- WHAT TO PRODUCE
An exact, picture-free copy of the listing is required.

- DATASET EXCERPT
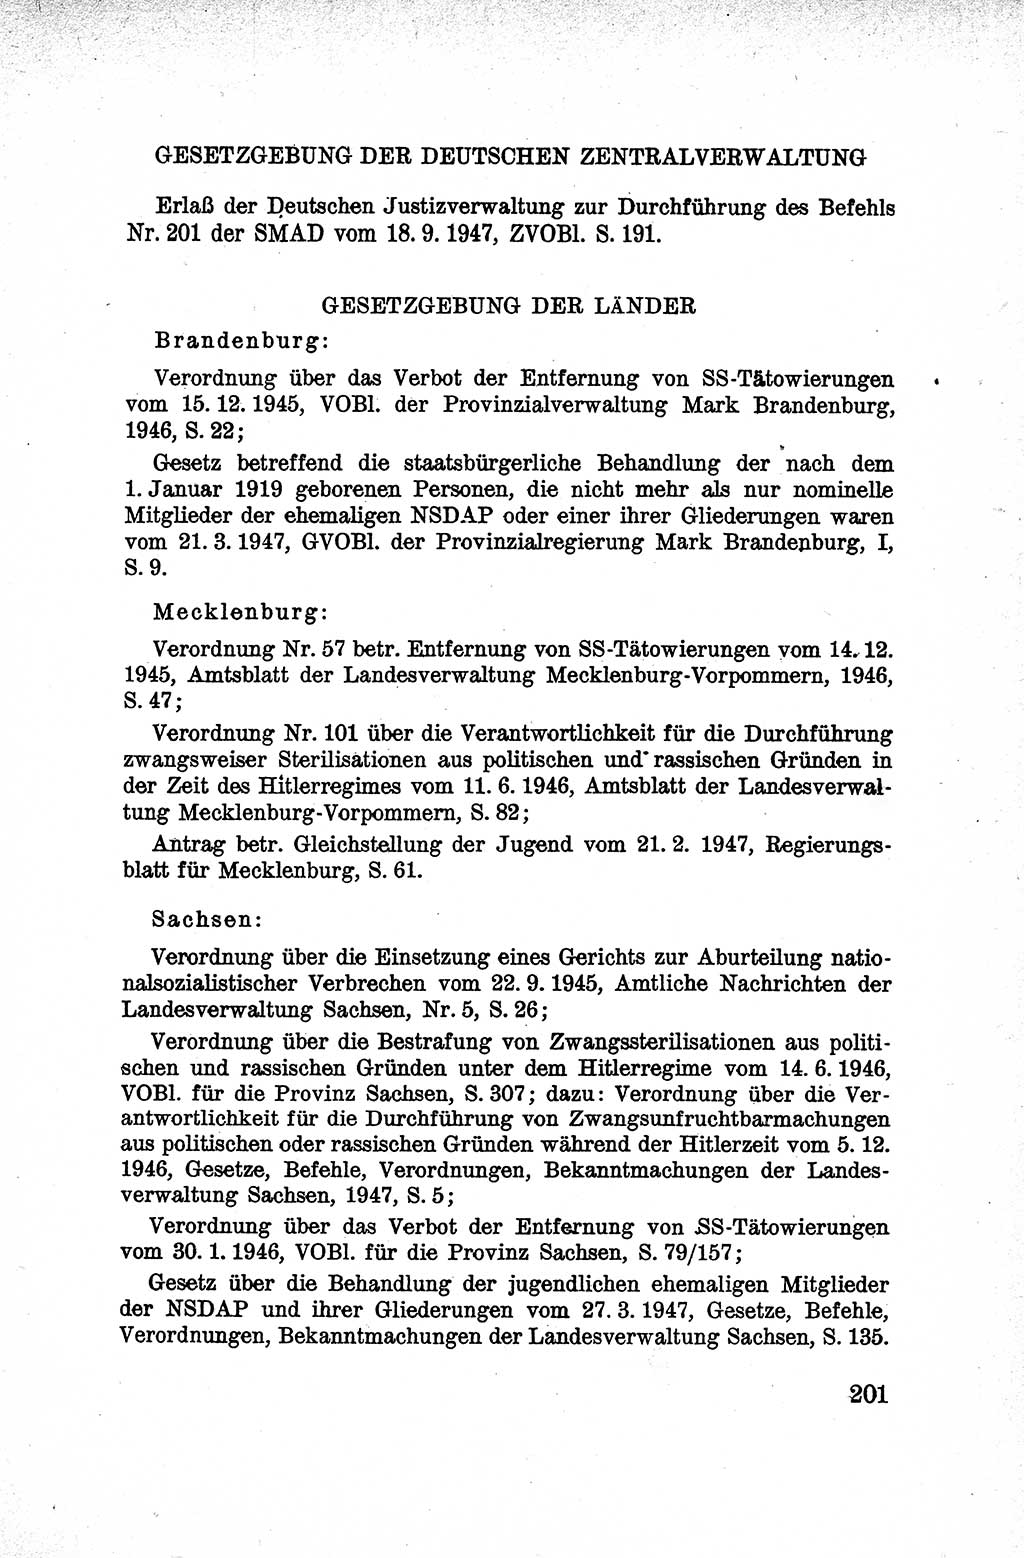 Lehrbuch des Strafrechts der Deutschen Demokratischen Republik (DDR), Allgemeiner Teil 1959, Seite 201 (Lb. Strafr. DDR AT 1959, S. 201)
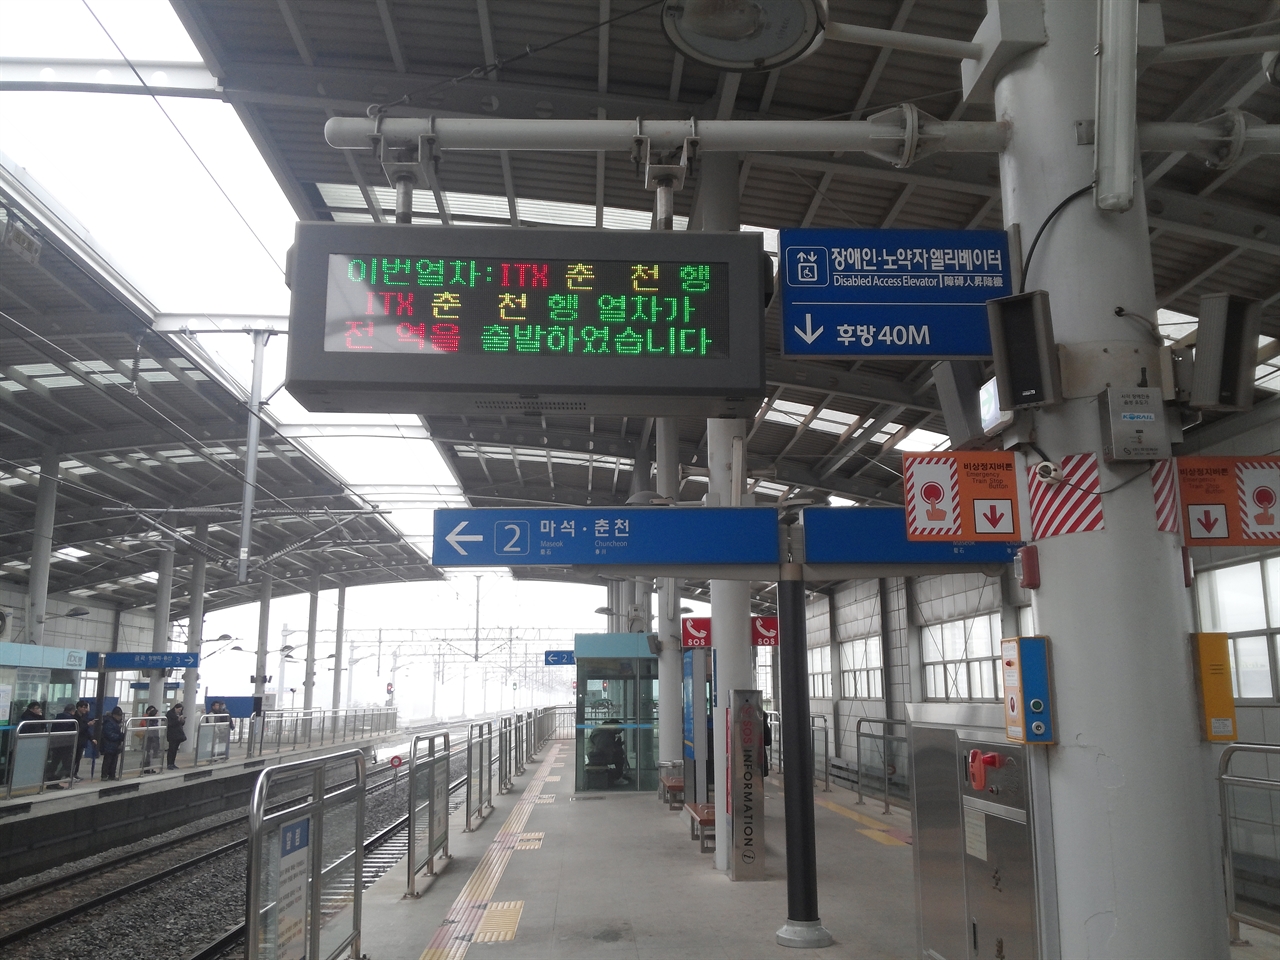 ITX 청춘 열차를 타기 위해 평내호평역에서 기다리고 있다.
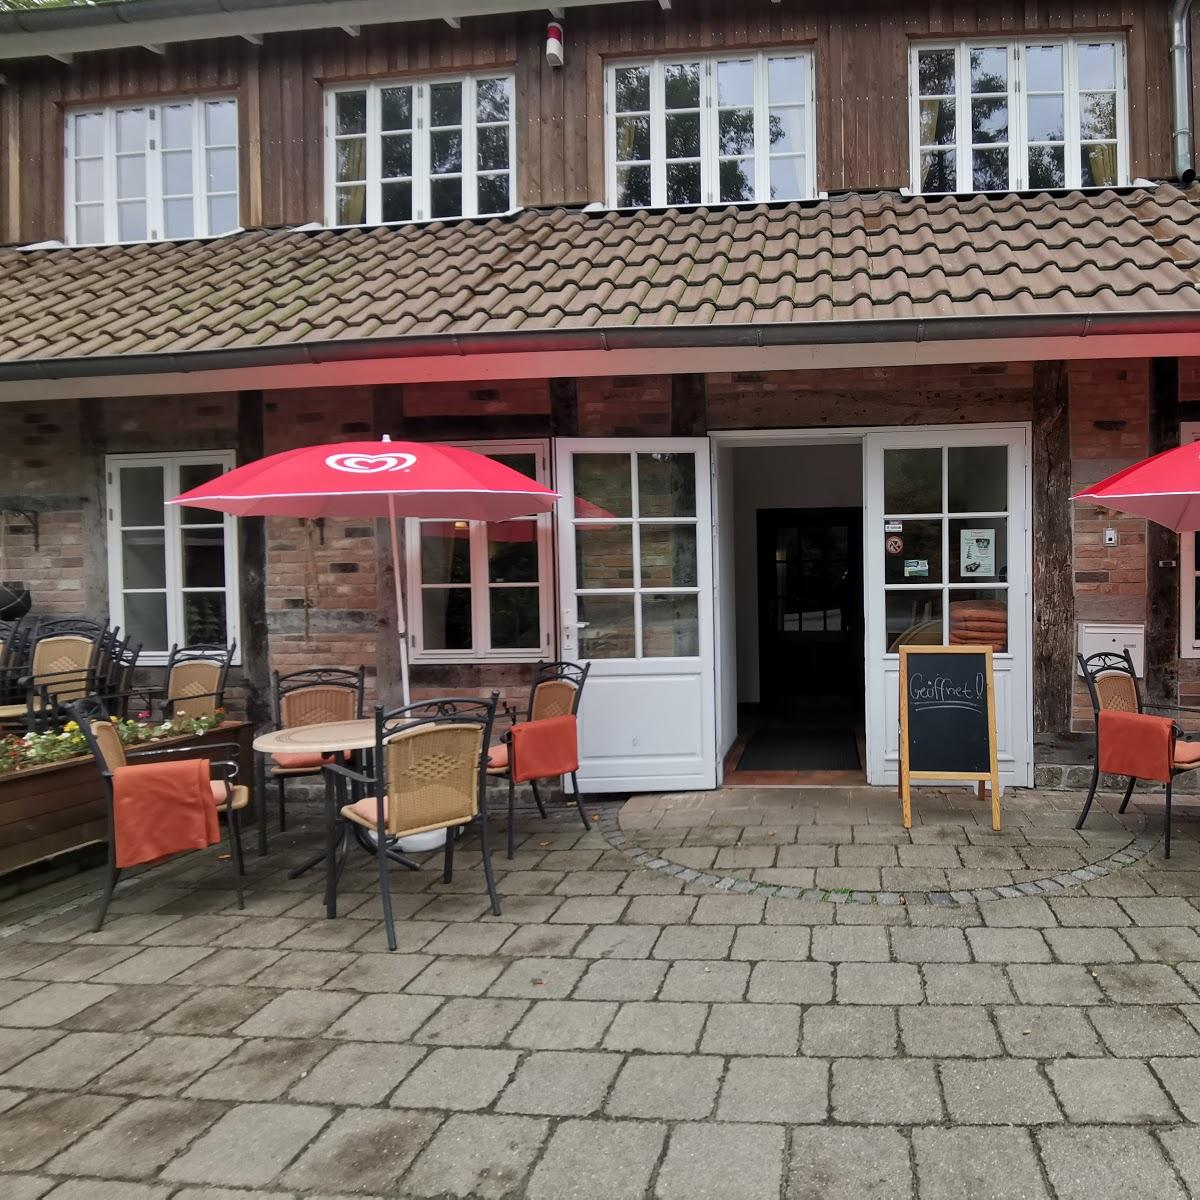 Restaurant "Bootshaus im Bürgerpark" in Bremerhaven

- SOLUTION TO THIS TASK
 Lehrbuch des Strafrechts der Deutschen Demokratischen Republik (DDR), Allgemeiner Teil 1959, Seite 201 (Lb. Strafr. DDR AT 1959, S. 201)
 ITX 청춘 열차를 타기 위해 평내호평역에서 기다리고 있다.
 Restaurant "Bootshaus im Bürgerpark" in Bremerhaven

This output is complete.